The reason for all this is that the whole process is a complete hack aimed at deceiving java tzar into doing what we want. There has been talk of adding a "dry run" option to tzar to properly do what this hack does, but so far, it's just talk. In the meantime, this hack works with little intervention on your part once it is set up for a given project. Note that if you prefer not to install this package and don't mind doing a bit more intervention every time you do a run, a simple procedure for doing that is explained later in this README under the heading "The basic idea behind the emulator".

... README from here on is not finished...

Most of it is old text from before the change to using the tzar_emulation.yaml file instead of hard-coding arguments to some functions.

Tzar emulation is controlled by a separate yaml file where emulation options and parameters are stored. By default, this file is called tzar_emulation.yaml but you can specify any name you want.

blah blah blah

project.yaml must contain the following line in the base_params section: full_output_dir_with_slash: $$output_path$$

run_tzar() is the function that you call to do the work of running your code under tzar emulation, however, it's generally much less typing to do it using a helper function such as runt() that supplies all of your commonly used arguments for calling run_tzar().

runt() and tzar emulation inside a package being built

When tzar runs, it needs to find and run a file called model.R and that file is where you have some or all of your program's code or make calls to elements of that code. The only problem with this is that when R builds a package, it runs every ".R" file in the R directory of the package, on the assumption that these files contain function definitions rather than live code. Unfortunately, this includes the "model.R" file required by tzar. Since that code runs a model rather than defines a function, you don't want it to be called when R is building a package (e.g., when/if CRAN is building your package).

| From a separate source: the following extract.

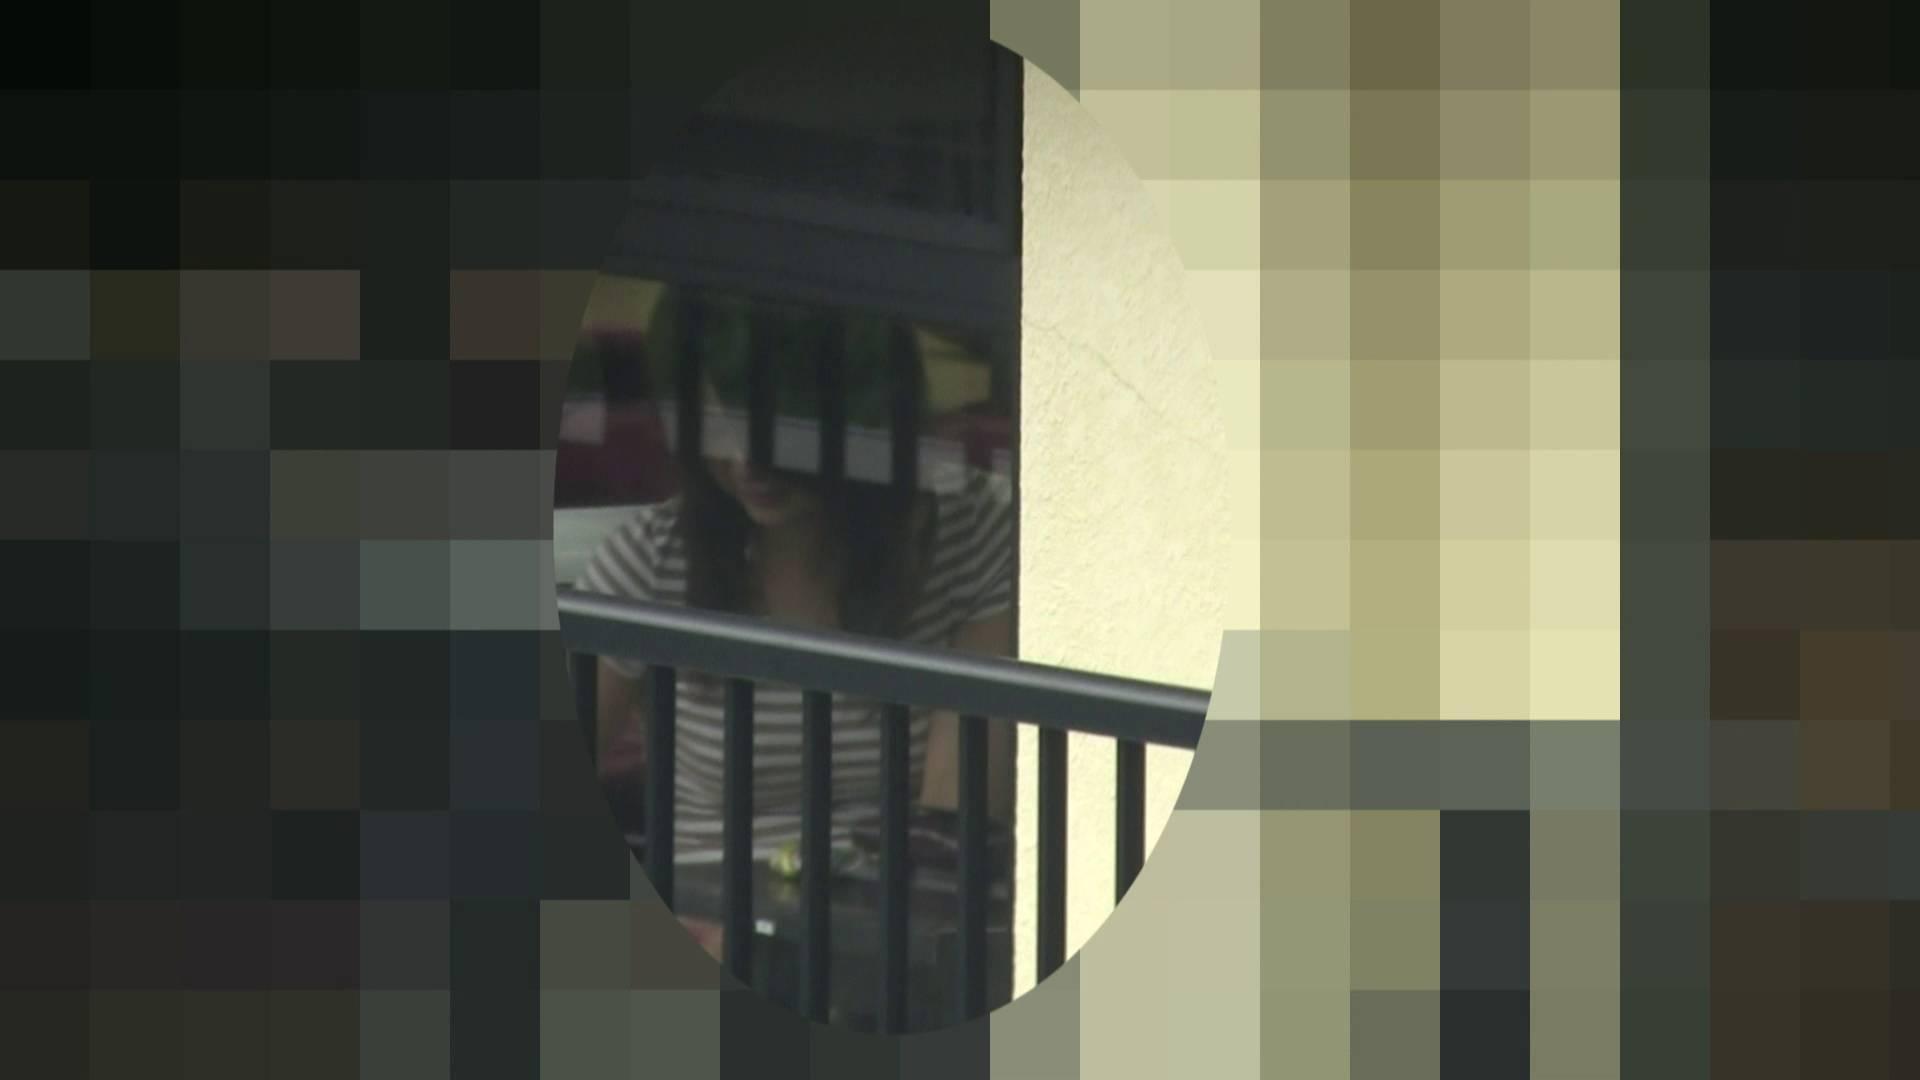 高画質露天女風呂観察 vol.032 高画質 オマンコ無修正動画無料 103pic 94

emulating_tzar:                         TRUE
echo_console_to_temp_file:              TRUE

project_path:                           "/Users/bill/D/Projects/ProblemDifficulty/pkgs/bdpgxupaper/R"
tzar_jar_path:                          "~/D/rdv-framework-latest-work/tzar.jar"
emulation_scratch_file_path:            "~/tzar/tzar_emulation_scratch_area/tzar_emulation_scratch.yaml"

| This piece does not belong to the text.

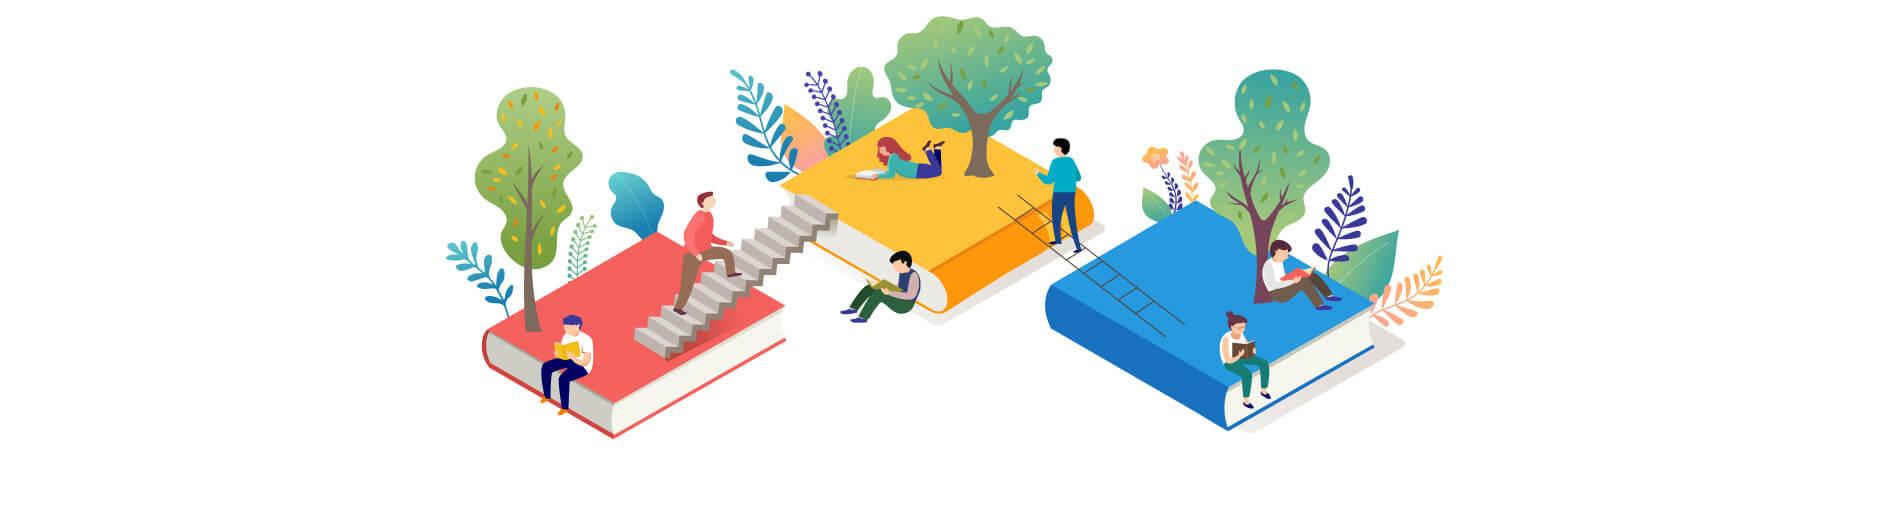 پنج پیشنهاد برای مدیرانی که میخواهند مدرسهای سالم و شاد بسازند

copy_model_dot_R_tzar_file:             TRUE
model_dot_R_tzar_SRC_dir:               "/Users/bill/D/Projects/ProblemDifficulty/pkgs/bdpgxupaper/R"    #"."    #system.file("templates", package="bdpgxupaper")
model_dot_R_tzar_disguised_filename:    "model.R.tzar"
required_model_dot_R_filename_for_tzar: "model.R"
overwrite_existing_model_dot_R_DEST:    TRUE

One way to get around this is to rename model.R to something else and then copy that file into a new model.R when tzar emulation is run. That is what run_tzar() does when the emulation control parameters emulating_tzar and copy_model_dot_R_tzar_file are set to TRUE in the control file. First it does the copy and then it calls run_tzar() for you with the appropriate arguments. "runtip" stands for "run tzar emulation inside a package".

Because there are various parts of this process that are specific to your program, runtip() is provided as a template that you must modify. The template code is in the file inst/templates/tzar_main.R. You copy that file into your R area and modify that copy of the file to fit your project. That file will then be the one that is run by R when it builds the package.

runt() and tzar emulation outside a package

If you are not building a package (and therefore, R is not automatically running every ".R" file in your code directory), then you don't have to worry about renaming the "model.R" file to hide it. Instead, you can have your model.R file in with your other R code and you can run tzar emulation by calling run_top() instead of run_tip(). The runtop() function is also templated in the inst/templates/tzar_main.R file and you need to modify it in the copy of tzar_main.R inside your R code directory just as you would have modified the runtip() function. Similarly, you could just use run_tzar() directly if you prefer. runtop() is just a convenience function.

Running tzar without emulation

Once you have your code ready to a point where you no longer want to run emulation, then you no longer run runtip() or runtop() or run_tzar(). You just run tzar with the usual tzar command line invocation under java.

The basic idea is that running tzar with an empty model.R produces all the same setup as running with a model.R that calls your application code. Consequently, you could run tzar with an empty model.R, go look for the most recent directory that tzar had created, then source the parameters.R file from that directory. At that point, you could run your own application code with the newly loaded parameters list and it would be nearly indistinguishable from running your code under tzar but you would have control of your code for debugging, etc.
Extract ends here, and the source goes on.